O primeiro-ministro israelense Benjamin Netanyahu participa da votação para aprovar um projeto de lei polêmico como parte do plano de reforma judicial do governo em Jerusalém em 24 de julho de 2023. [Noam Moskowitz/ Knesset/Divulgação/Agência Anadolu]

Um dia depois que o primeiro-ministro, Benjamin Netanyahu, avançou com mudanças controversas no judiciário, um anúncio cobriu a primeira página de todos os principais jornais de Israel em preto, lendo no final: “um dia negro para a democracia de Israel”.

Foi um anúncio pago por um grupo de empresas de alta tecnologia protestando contra as políticas judiciais de Netanyahu, que analistas dizem ter desencadeado uma série de riscos, tanto para a economia de Israel quanto para seu próprio futuro político.

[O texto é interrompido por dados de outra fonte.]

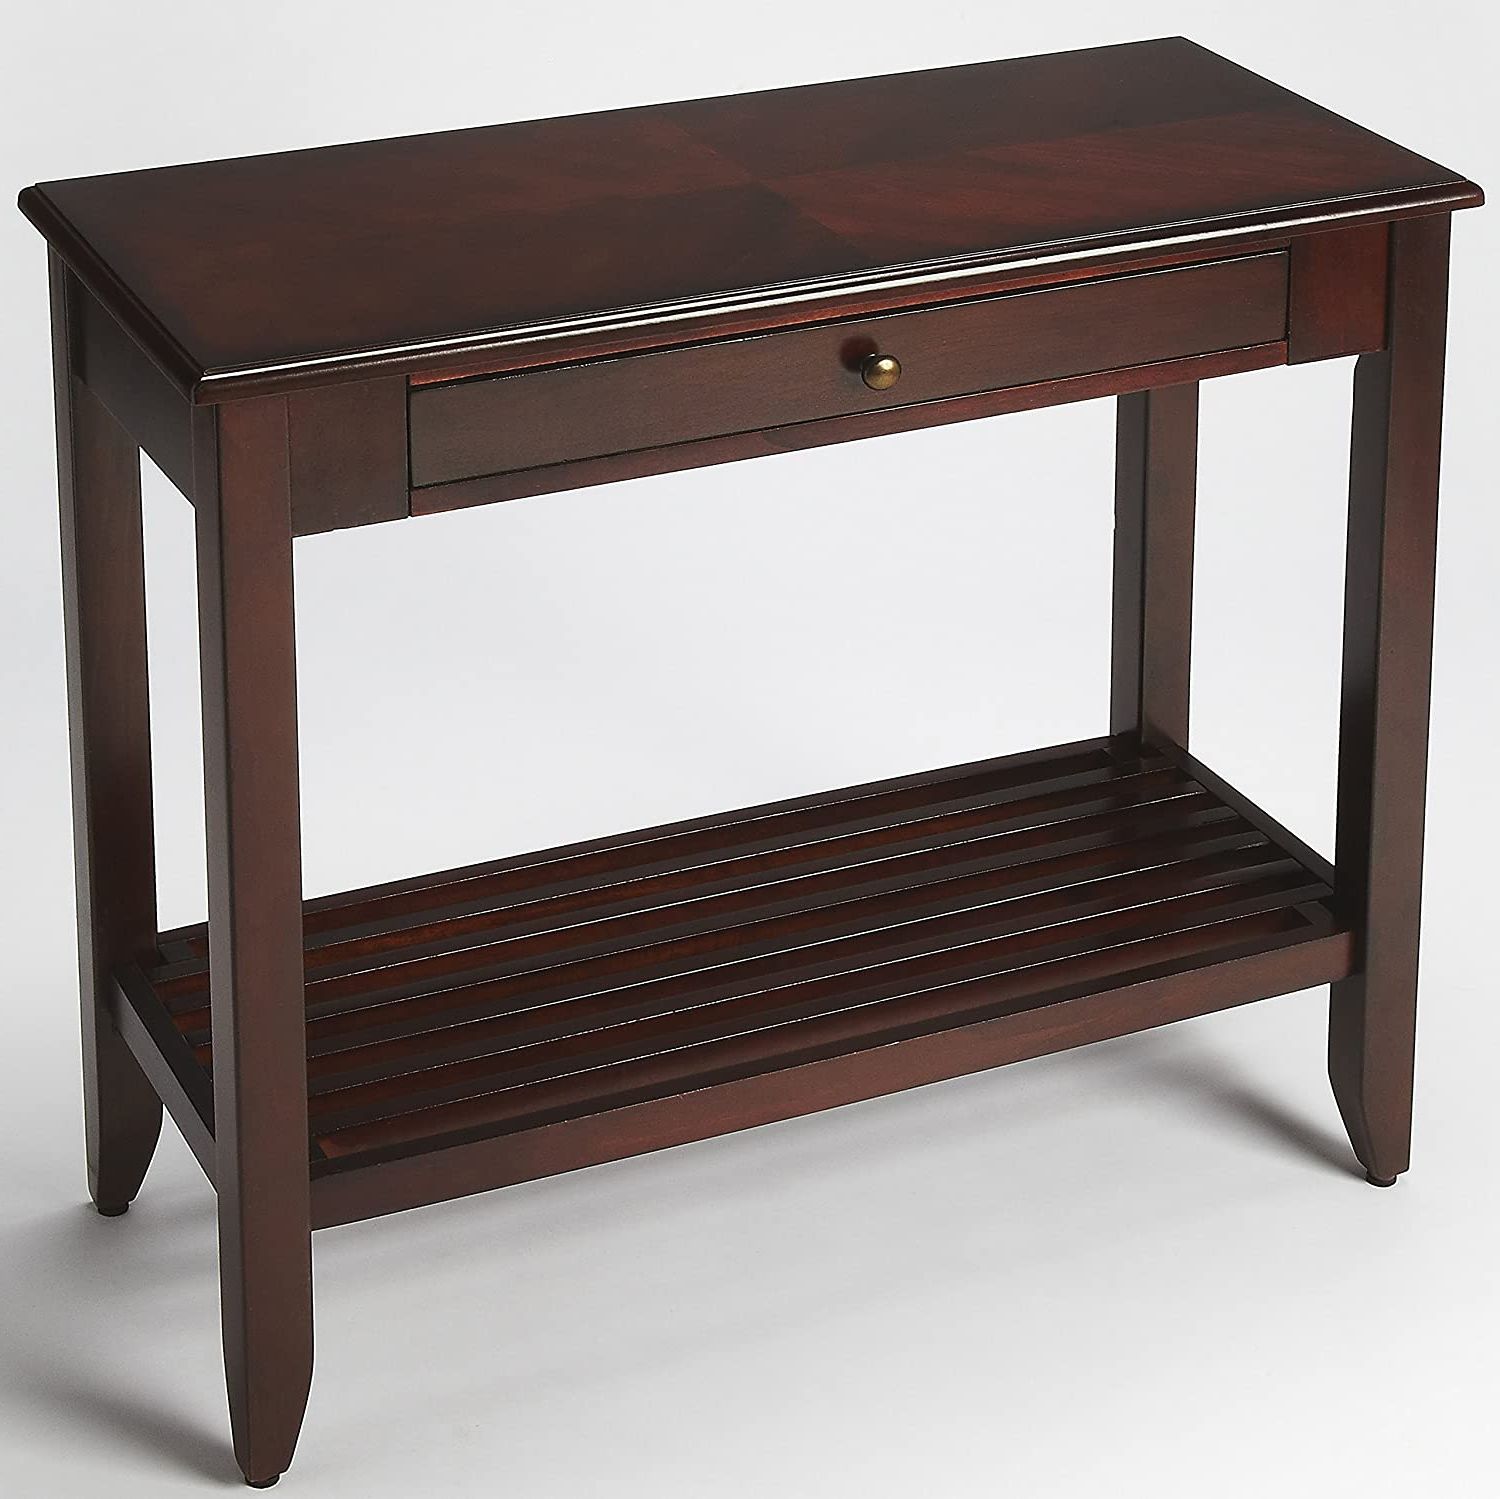 Well Known Amazon: Butler Console Table In Plantation Cherry In Heartwood Cherry Wood Console Tables (View 2 of 10)
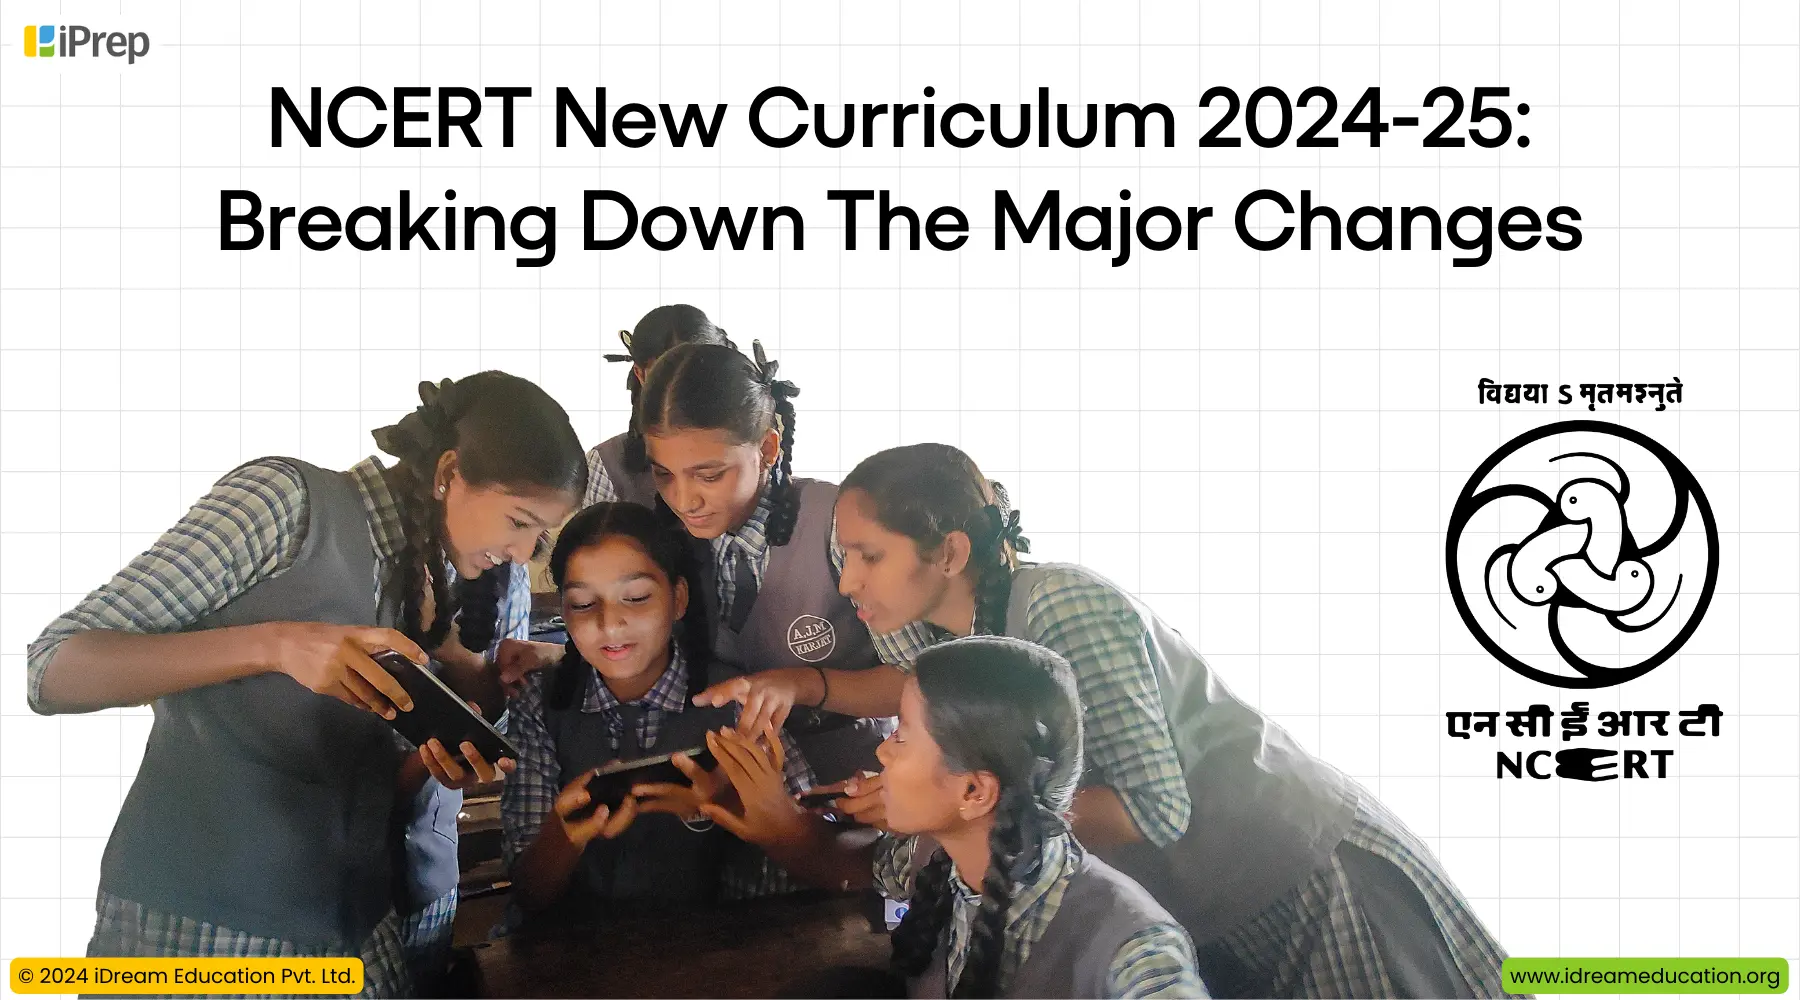 A visual representing NCERT new curriculum 2024-25 covering a breakdown of all major changes

Na segunda-feira, a coalizão nacionalista-religiosa de Netanyahu concedeu aprovação parlamentar a uma nova legislação que limitará alguns dos poderes da Suprema Corte, apesar dos protestos em massa nas ruas e da forte objeção da oposição.

O shekel de Israel moveu-se em cada reviravolta no parlamento, à medida que os esforços para chegar a um acordo judicial se intensificaram e finalmente fracassaram.

Mas a volatilidade do shekel, que enfraqueceu cerca de 10% em relação ao dólar desde que o governo de Netanyahu anunciou planos judiciais em janeiro devido ao desconforto dos investidores estrangeiros, é apenas uma das desvantagens econômicas até agora.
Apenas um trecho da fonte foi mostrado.